Lalu ingatanku melayang-layang pada suatu percakapan di sore hari dengan adik tertuaku. Dia ini adalah orang dengan tipikal rata-rata saja, tipikal orang-orang kebanyakan. Berasal dari keluarga sederhana saja (tentu saja sama denganku), tampang ngepas, tidak bisa juga dibilang punya talent yang luar biasa, ah.. pendek kata benar-benar tipikal orang biasa. Aku ingat betul, bagaimana dia itu berjuang, desperately struggling untuk meloloskan diri dari skala terendah nilai yang ditetapkan sebagai standar untuk lulus atau tidak lulusnya seseorang dari ujian nasional.

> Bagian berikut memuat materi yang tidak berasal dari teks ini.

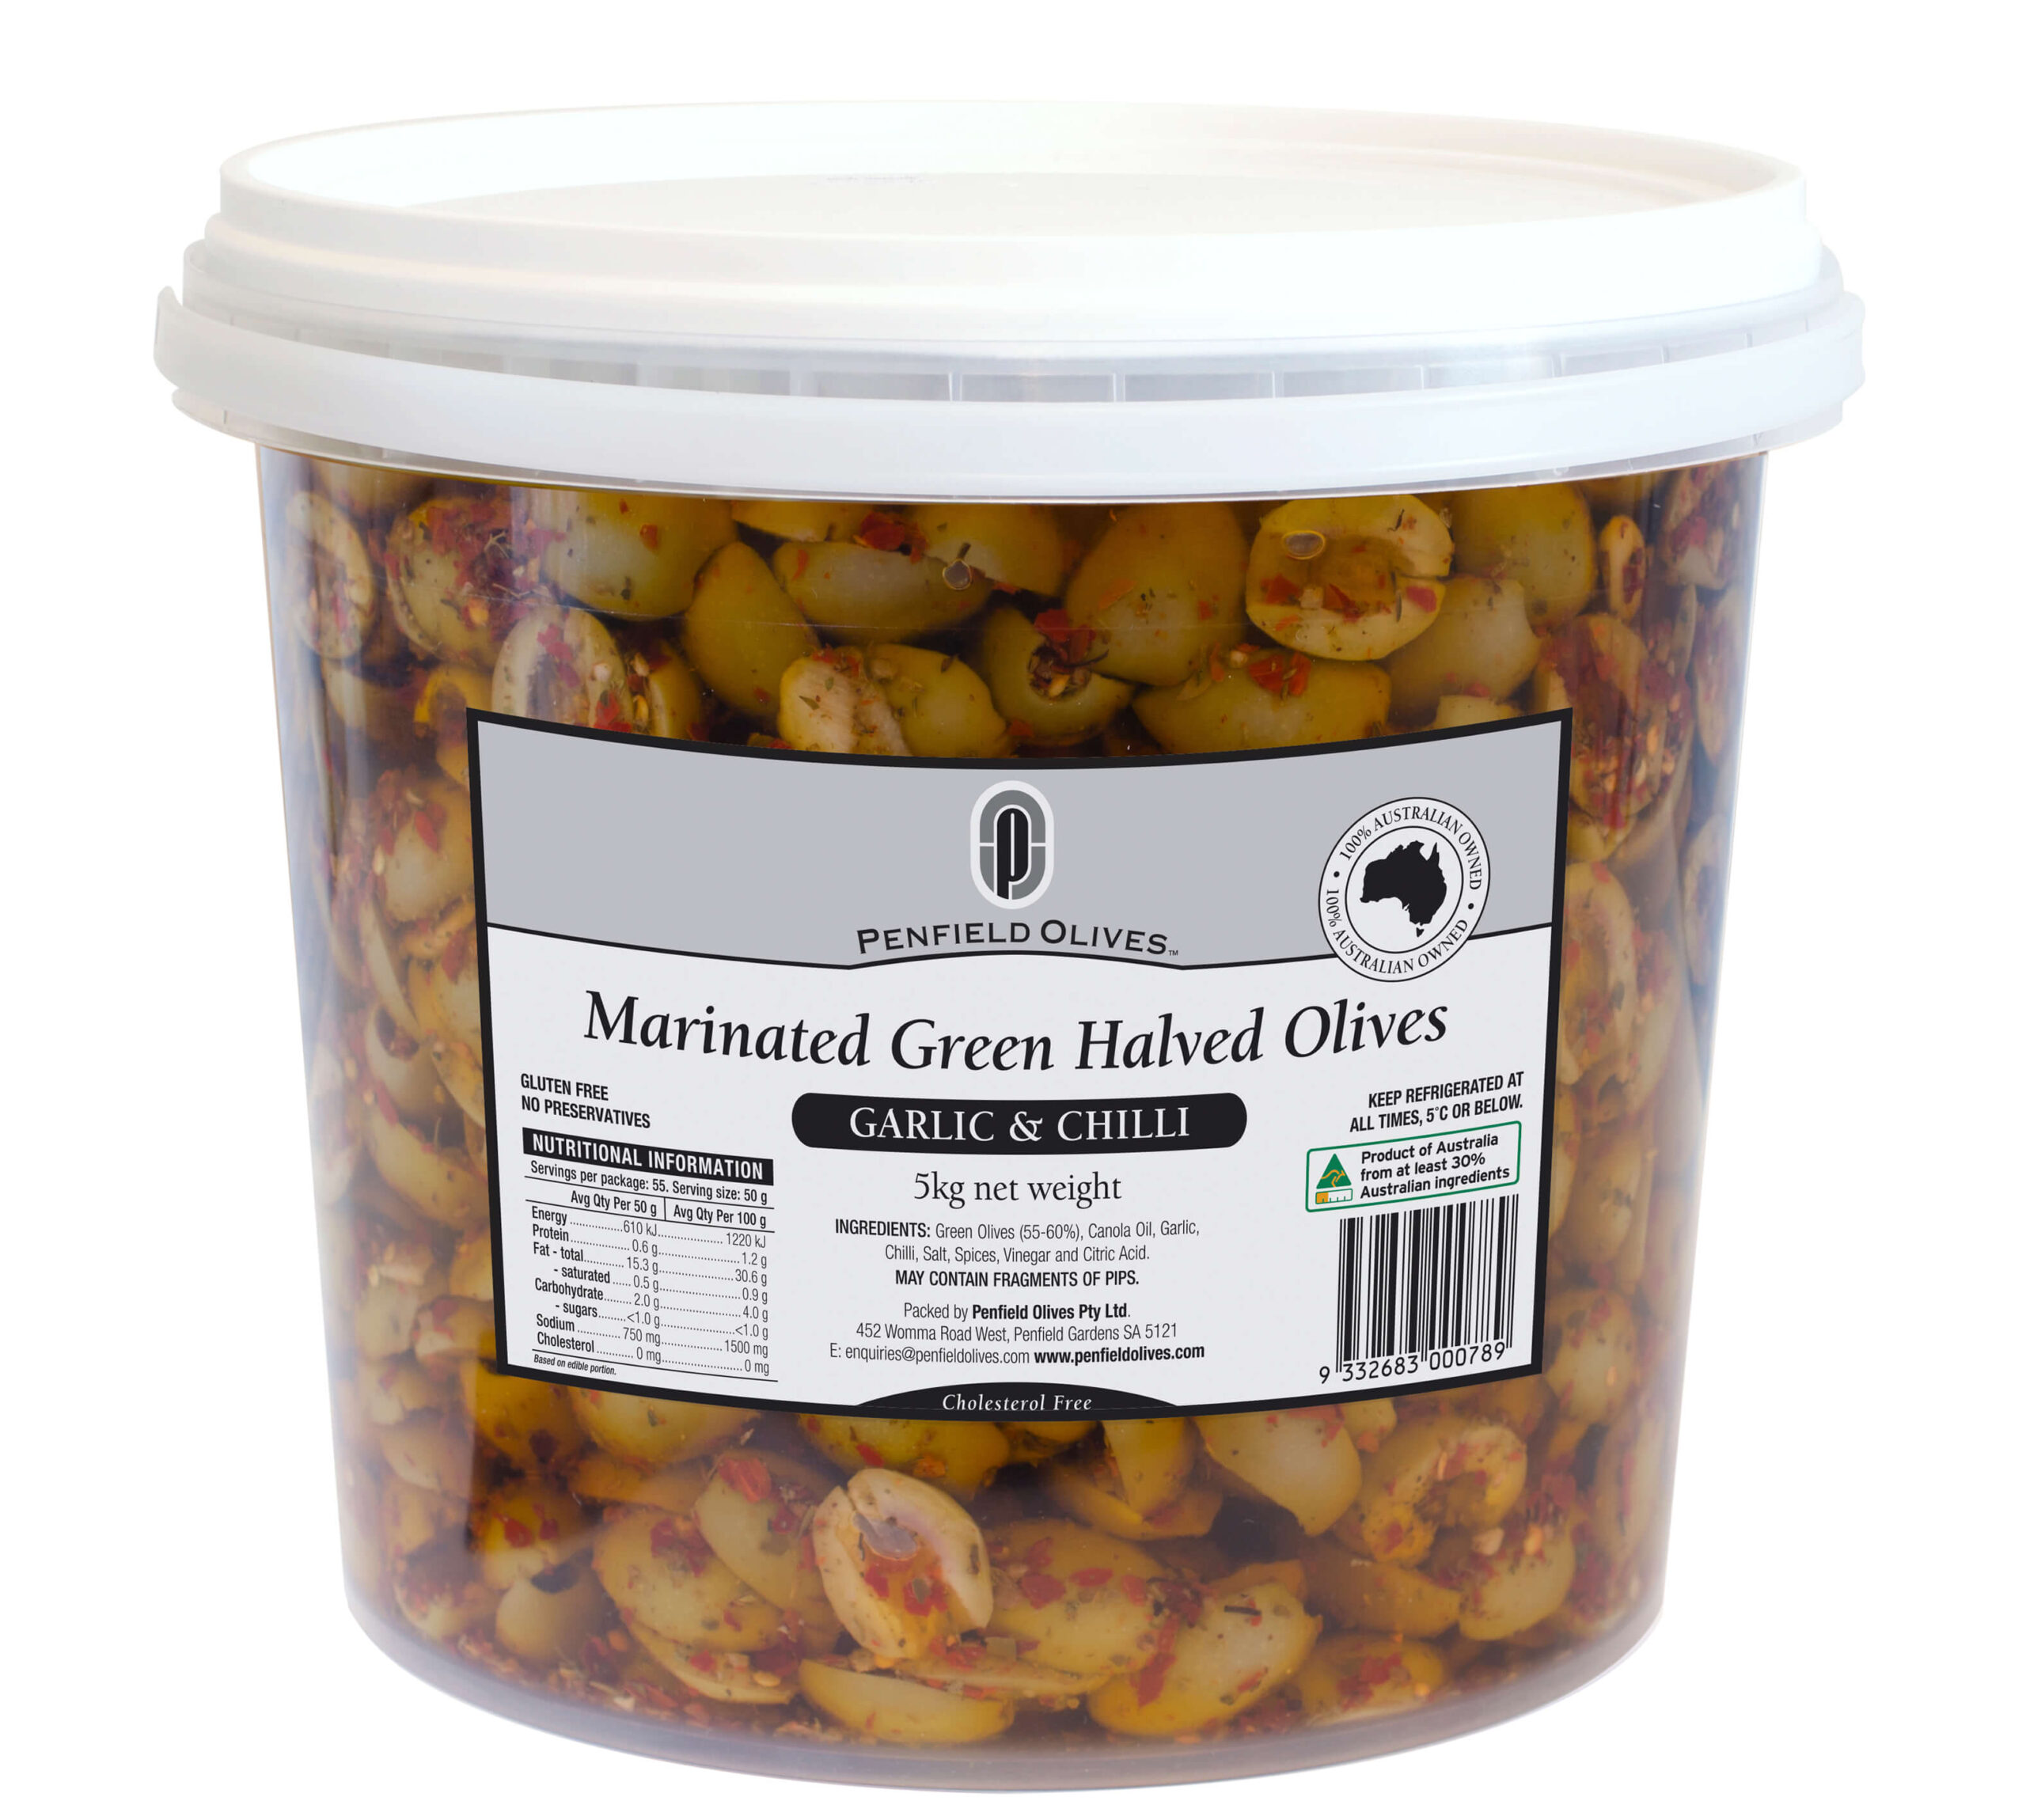 Penfield Olives food service page pic, 5kg Green Marinated Halved Olives in Garlic and Chilli in a clear container with a white lid.

Kemudian dia hijrah ke bandung dari rumah kami yang sederhana di pojok kota bengkulu, bimbel di ganesha operation bandung, dan memulai kembali perjuangan berat menempuh lika-liku ujian masuk perguruan tinggi negri.
Suatu kali di ganesha operation, dia melihat seorang siswa yang datang menggunakan mobil BMW mewah, berdandan mantap luar biasa, mengalungkan handphone high tech di lehernya, sambil menenteng buku-buku tebal persiapan snm-ptn. Sepintas lalu adikku ini ternyata membatin sendiri, dia percaya sekali bahwa orang yang penuh dengan gaya dan penampilan seperti ini pastilah “kosong”, begitu pikirnya.
Tak seperti yang dikira, suara batin selintas itu runtuh ambruk suatu hari dalam sebuah percakapan dengan seorang teman yang memberitahukan kepadanya bahwa siswa yang dilihatnya tadi adalah siswa dengan otak terencer dikelasnya. Lagi-lagi Perfect!
Tidak habis-habis pertanyaan adikku dalam perenungannya itu, lewat matanya aku dengan lancang menerka-nerka “gerangan apa kiranya segala kelebihan itu tumpah ruah di salah seorang manusia??”
Selalu begitu……… Hal yang paling sering membuat kita merenung dalam-dalam adalah pencarian panjang akan diri kita sendiri. Monster terbesar yang kita hadapi dalam lelakon “seribu satu malam” versi kita masing-masing adalah nyata-nyata fikiran kita sendiri. Kita cemburu. Kalut. Bingung. Gamang. Cemas. Dan lain-lain rupa.
Lalu aku tersenyum simpul saja, bagaimana caranya membangkitkan semangat yang sayup-sayup tertidur, hanya dalam menit dalam detik, bisakah??
Kedewasaanlah yang kuharap-harap akan datang seiring waktu hidupku yang semakin lama semakin tua ini. Agar bisa menyemangati dengan sabar sesabar-sabarnya, biar kena sekena-kenanya.
Dek, Cuma kebanggaan untuk terus melayang-layang di atas karpet ujian demi ujian, untuk terus meloncat-loncat meniti kubah-kubah kesempatan, dan berpegang erat agar tidak tergelincir dalam resiko-resiko yang luar biasa curam itulah yang membuat kita masih berasa sebagai manusia, yang punya nyawa punya harga.
Rekapitulasi perjuangan kita adalah dinilai dari seberapa tegarnya kita untuk terus bertahan agar tetap muncul di setiap babak lakon “seribu satu malam” kita ini. Dan dari setiap akhir cerita yang datang entah dramatis entah tidak itu, kita lagi-lagi harus bersabar untuk tertakdir menjadi ksatria gagah jumawa atau juga pribumi biasa-biasa saja.